6. The method for clustering based on grid granularity calculation of claim 5, wherein the method for calculating the granularity-based density comprises:

step1: setting the middle point of the area with the highest density as an initial point; if the number of the current initial points reaches k, stopping the current step; the method for acquiring the initial point comprises the following steps: sorting the density of the minimum granularity, wherein the grid object at the position of the cluster center has higher density rho, setting the central grid midpoint of the area with the highest density as an initial point, marking the grid set as the initial point and the adjacent grid as processed grids, setting the grid density of the area as 0, recalculating the granularity density and sorting if the adjacent grid of the central grid is also the central grid, and setting the central grid midpoint of the area with the highest density as an initial point again until the number of the initial points reaches k;

step2: otherwise, marking the grid set as the initial point and the adjacent grid as the processed grid, setting the grid density of the area as 0, recalculating the granularity, and returning to the step 1.
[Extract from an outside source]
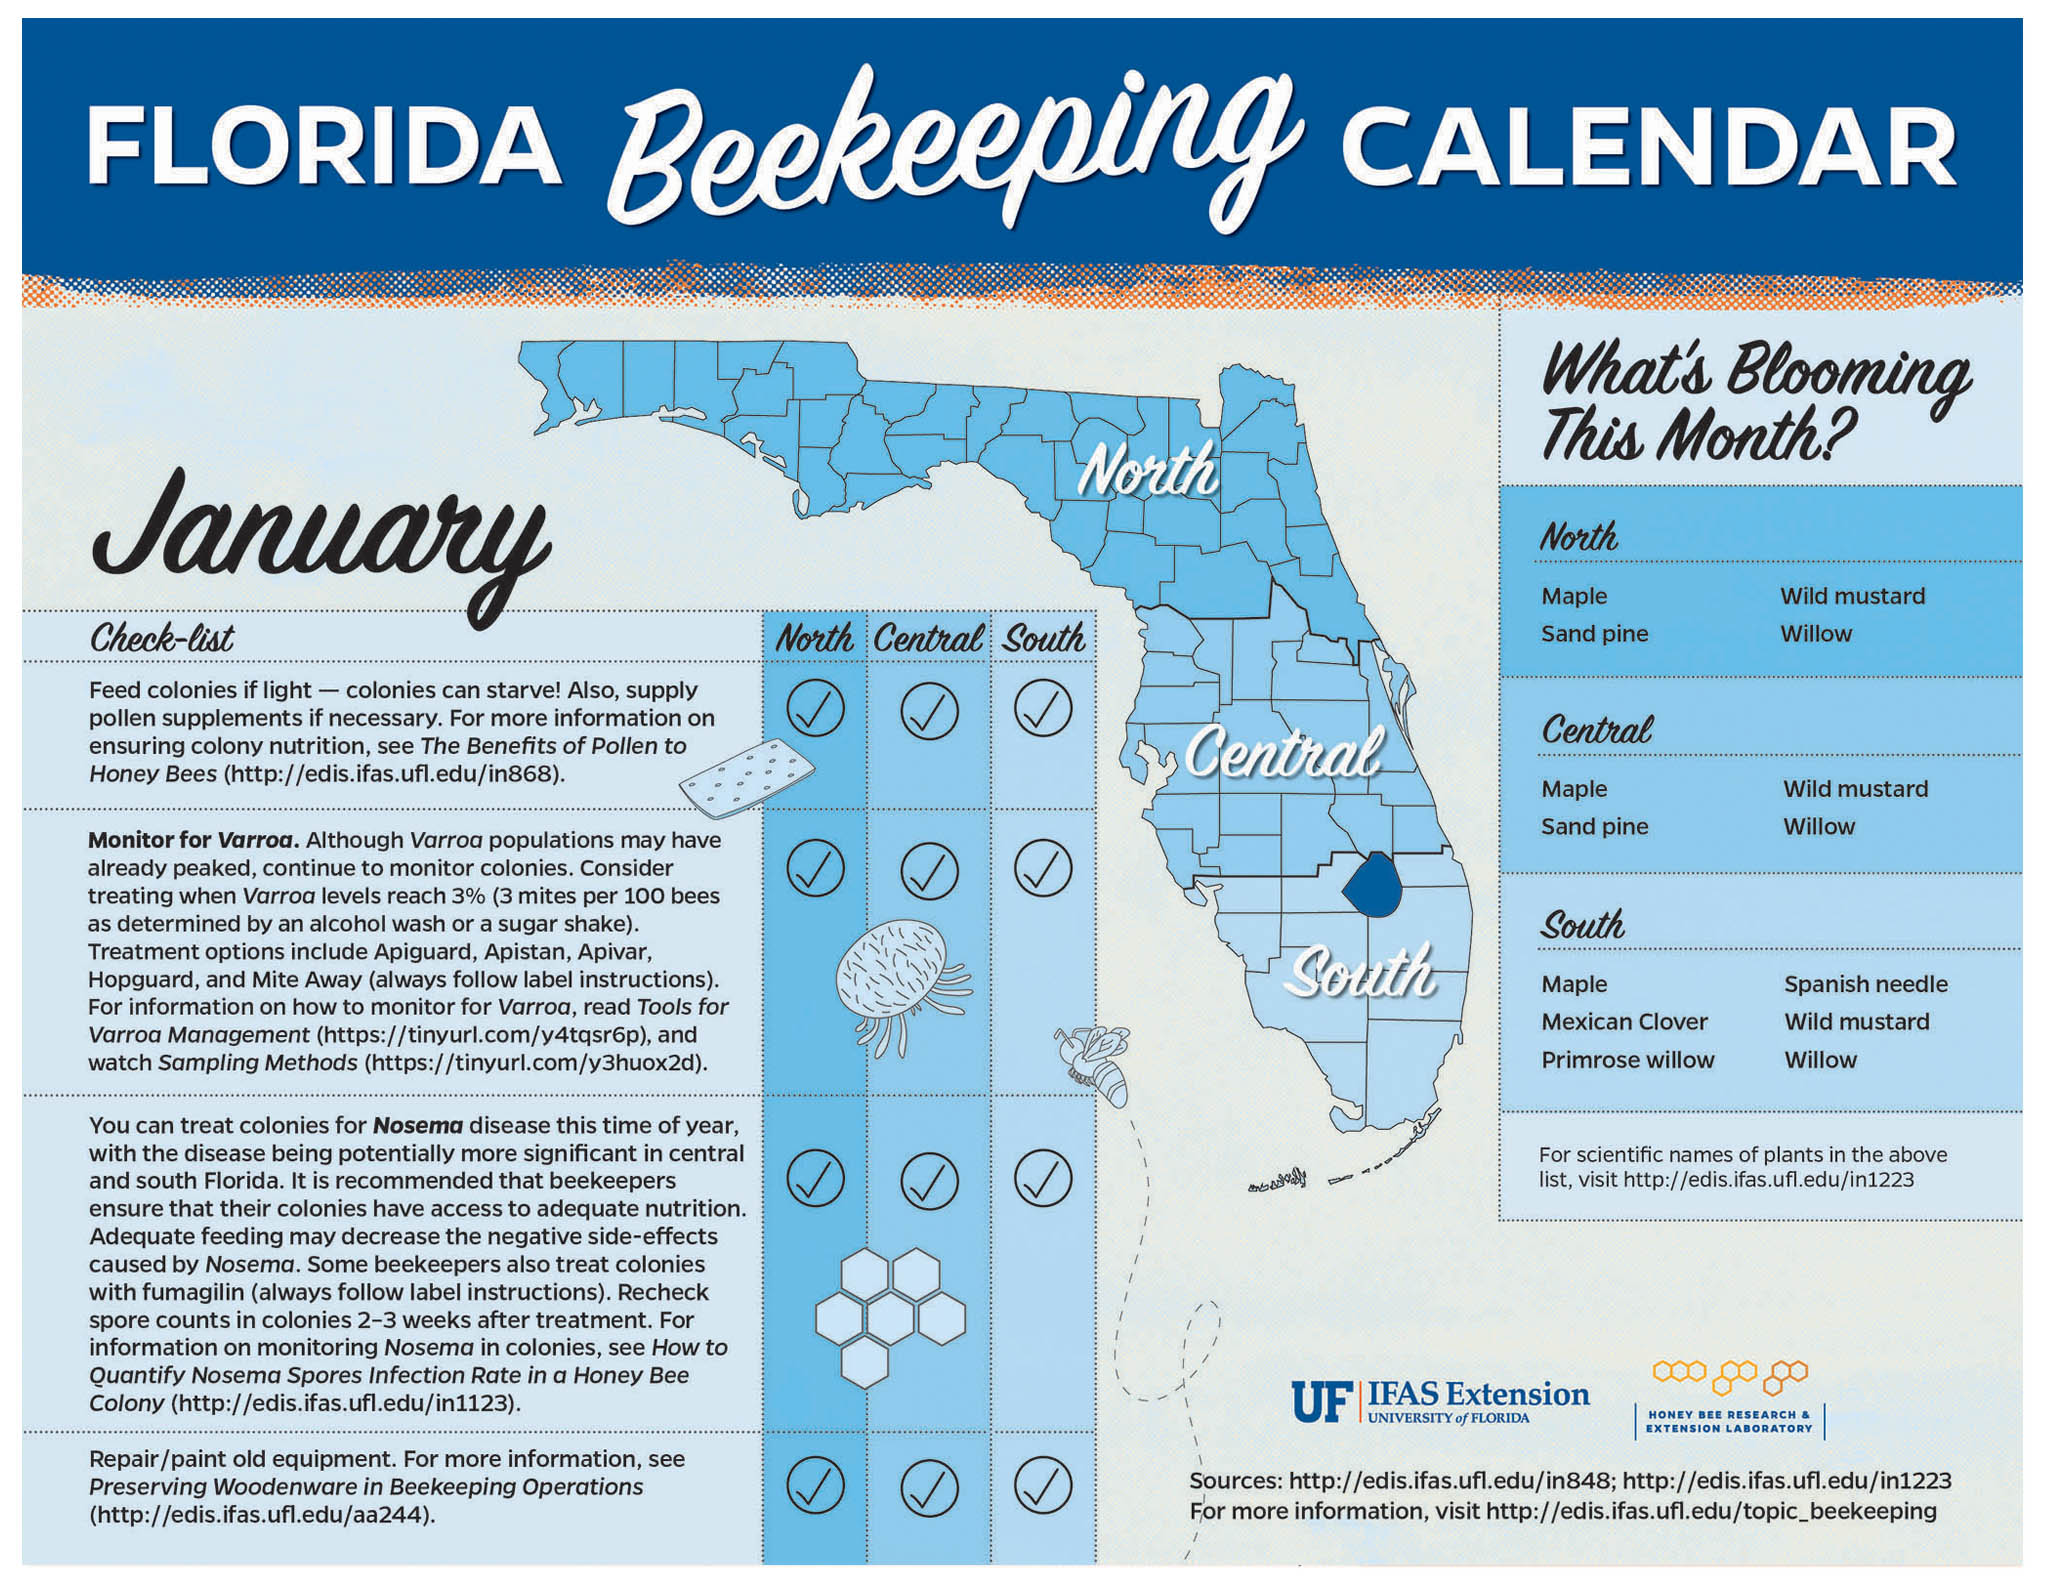 Beekeeping Calendars UF/IFAS Communications

7. A clustering control system for implementing the grid granularity calculation-based clustering method according to any one of claims 1 to 6.

8. A computer program product stored on a computer readable medium, comprising a computer readable program for providing a user input interface for implementing a grid-granularity computation-based clustering method according to any one of claims 1 to 6 when executed on an electronic device.

9. A computer-readable storage medium comprising instructions that, when executed on a computer, cause the computer to perform the grid granularity calculation-based clustering method of any one of claims 1 to 6.

10. A calculator for implementing the grid granularity calculation-based clustering method according to any one of claims 1 to 6.